:: AVAILABLE DATA ::

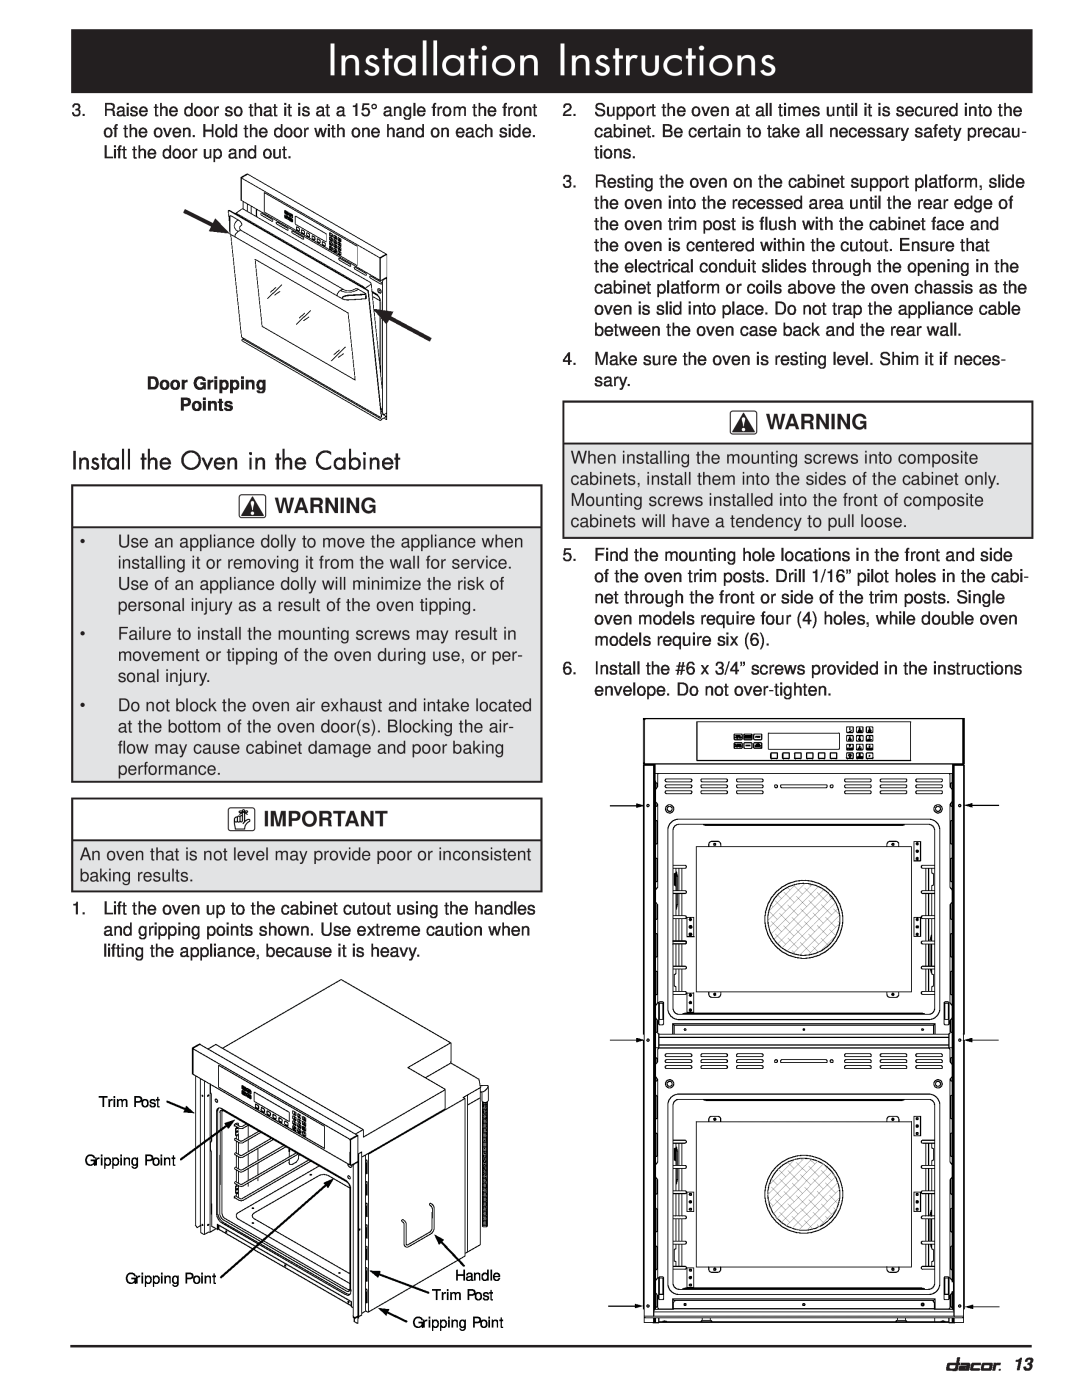 Dacor MO manual Install the Oven in the Cabinet, Installation Instructions, Door Gripping Points 
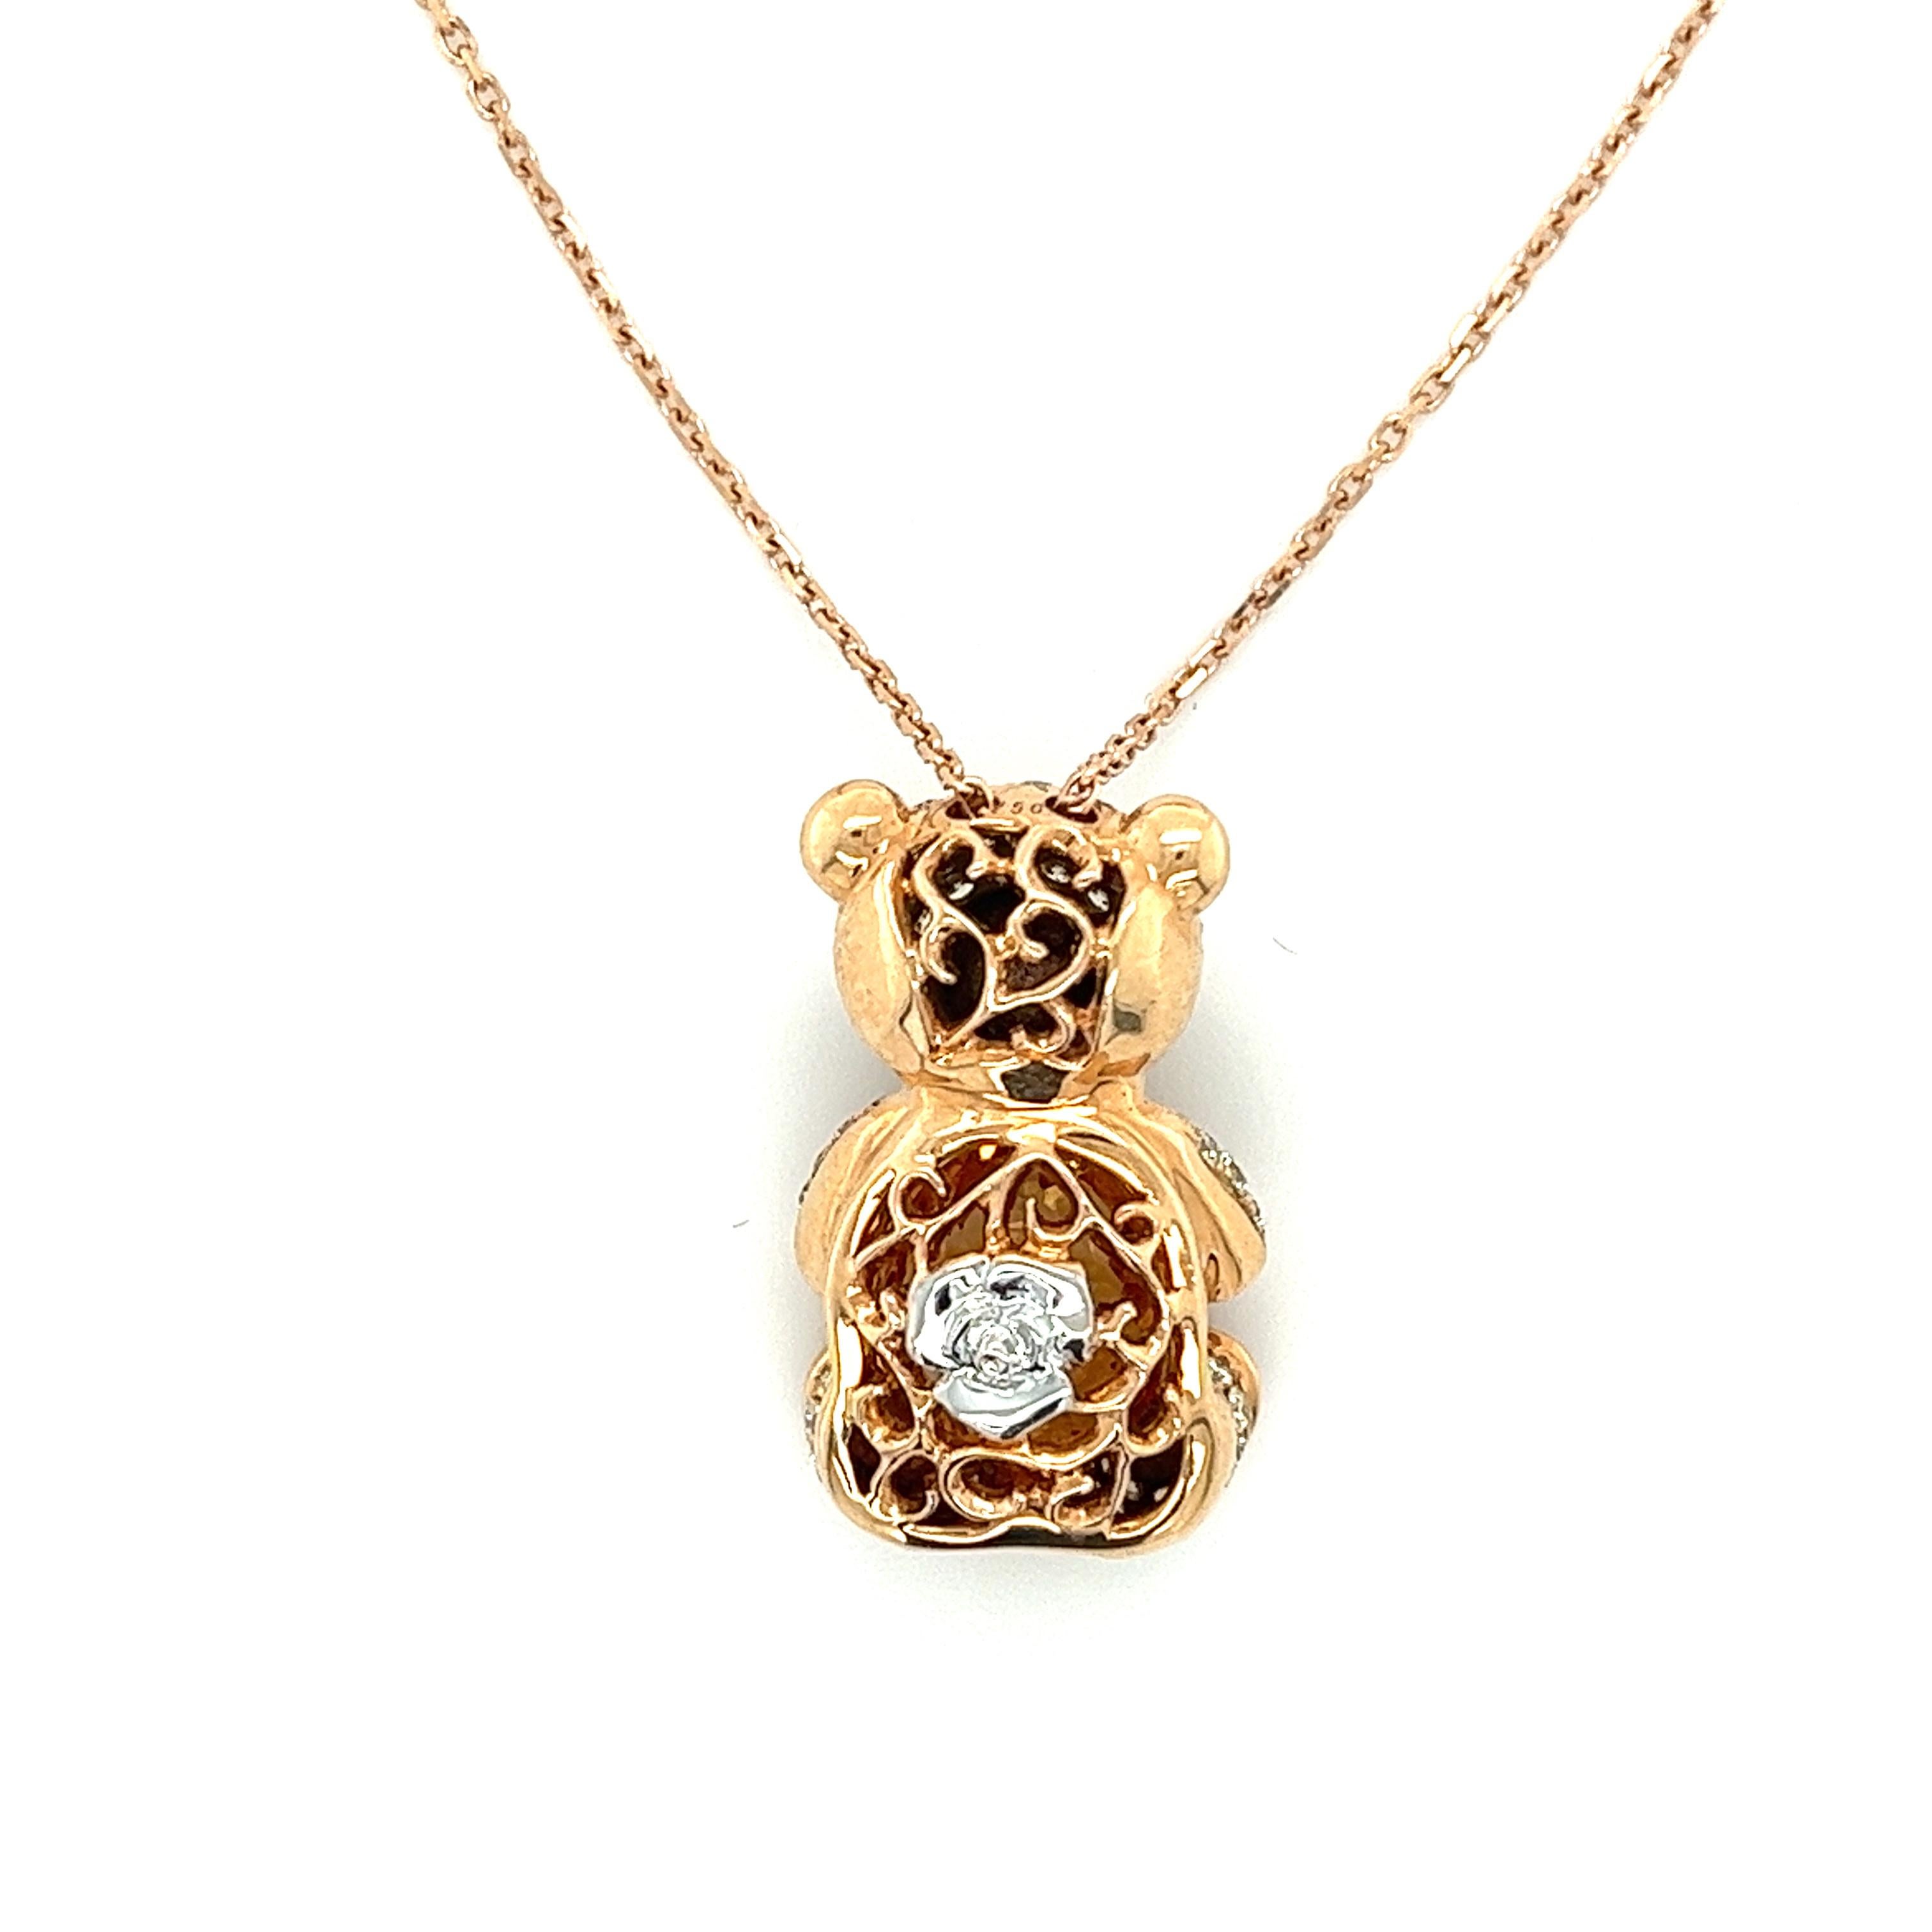 18K Rose Gold Citrine Bear Pendant Necklace

1 Citrine 3.05 CT
96 Fancy Diamonds 1.13 CT
2 Rubies 0.04 CT
18 K Rose Gold 9.46 GM

A glug of gorgeous sunshine, an attractor of luck, and a stone of pure intention and play, Citrine lightens the load

:: WORK TASK ::
Write the records out again verbatim and omit the pictures they contain.

:: OUTPUT OF THE EXERCISE ::
 Dacor MO manual Install the Oven in the Cabinet, Installation Instructions, Door Gripping Points 
 18K Rose Gold Citrine Bear Pendant Necklace

1 Citrine 3.05 CT
96 Fancy Diamonds 1.13 CT
2 Rubies 0.04 CT
18 K Rose Gold 9.46 GM

A glug of gorgeous sunshine, an attractor of luck, and a stone of pure intention and play, Citrine lightens the load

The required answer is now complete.